Hollywood Film Festival 2015: Frame by Frame, by David Bax

FrameByFrame1

In a selfie culture that uploads hundreds of millions of images to Facebook every day, we take photography for granted. Under Taliban rule, though, it was banned in Afghanistan. The very act of taking a picture was a crime. Alexandria Bombach and Mo Scarpelli’s Frame by Frame documents those Afghanis who have been revitalizing the practice since the Taliban were overthrown. From a professor who teaches the next generation of photographers to a woman who takes pictures of female life in the country that only a woman could take in a Muslim country to a Pulitzer Prize winner photojournalist, these individuals prove that a photograph is more than just a picture. It’s a way for a society to account for itself, to be represented and to say that, at the very least, we exist.

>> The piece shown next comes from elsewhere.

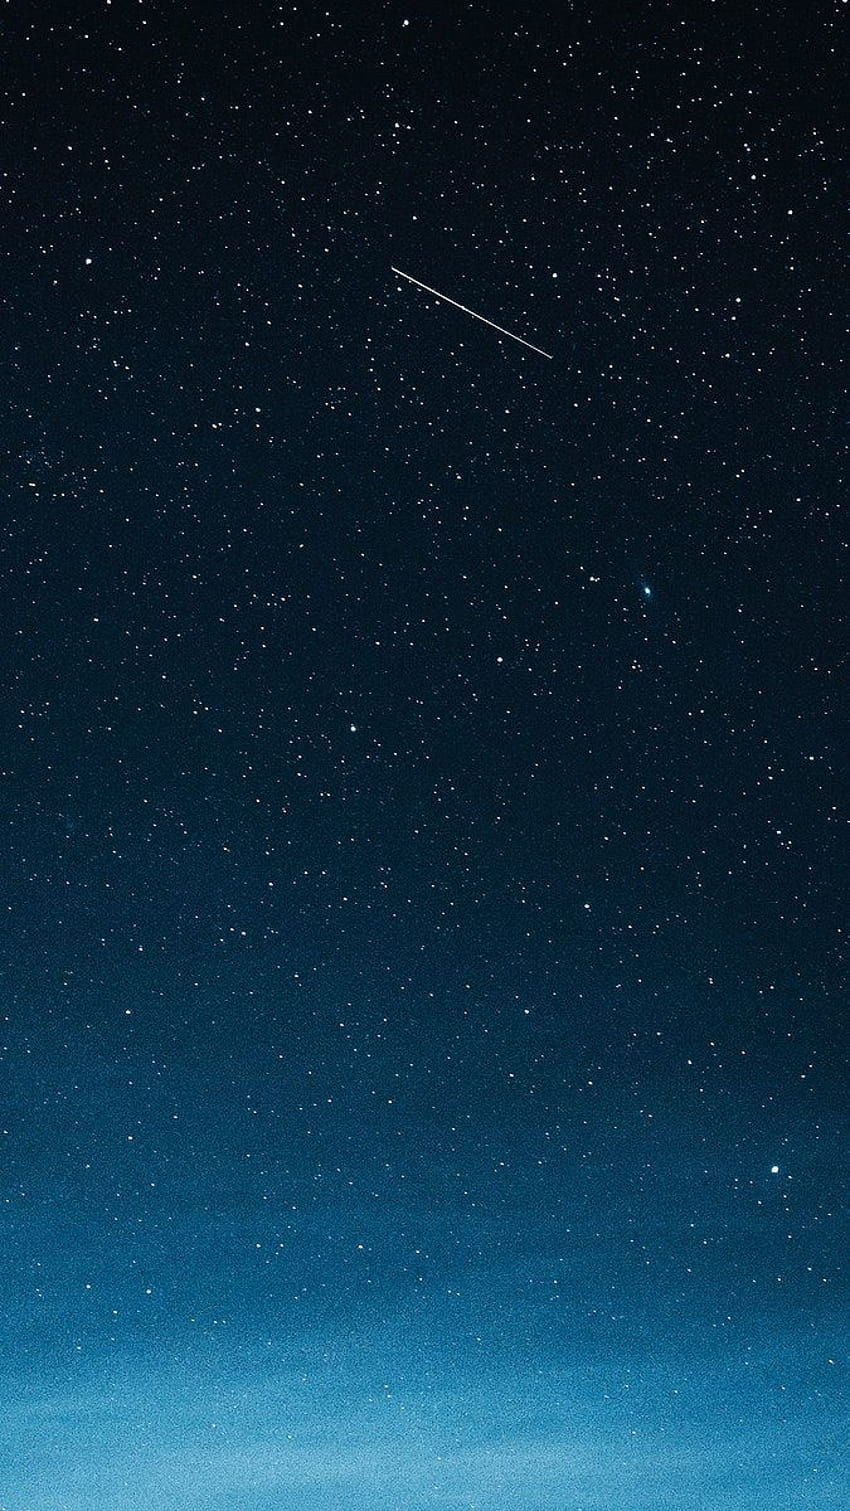 Shooting star in the dark blue sky over Greenland, shooting star over planet HD phone wallpaper

As befits a documentary on such a subject, Frame by Frame is beautiful to look at. The cinematography (by the directors) exhibits a professional’s understanding of composition. There are lovely shots of the countryside and harrowing shots of life among the homeless and destitute in cities like Kabul and Herat. Even the on-the-fly moments are composed with maximum emphasis on ease of information and it’s presentation, while always remaining interesting to look at.

Through the varied work of the subjects, we end up with an overview of present-day life in Afghanistan. Bombings are still a threat and some of the journalists take that and other breaking news topics as their focus. Others train their cameras on the country’s enormous problem with drug addiction or the increasing issue of self-immolation among women who see no other way out of existence of abuse and/or servitude. But we also see slices of life such as the married photographer couple who cover a pop concert and then stop by a convenience store to rent The Hangover Part II on Blu-ray on the way home.

In one of the film’s most powerful moments, the above-mentioned female photographer flips through a book on the subject of Afghanistan before the Taliban. She holds up a picture from the 1970s of three young women, students by the look of the books they are carrying, walking and laughing together with their hair uncovered, wearing skirts that would have been perfectly in fashion in any American city at the time. Later, that same photographer will visit a hospital to document some of the women who have burned themselves but she is shut down – first politely and then more sternly – by a doctor. He doesn’t stop her because of his own religious beliefs but simply because he values his life and those of his patients and, if the wrong person found out about these pictures, he could be beat or killed or the hospital could be destroyed by zealots. Frame by Frame shows us that Afghanistan is not a nation of backwards extremists but a nation largely composed of reasonable, compassionate people who are being held hostage by those backwards extremists. Photographs help us learn of their stories by simply accounting for their existence.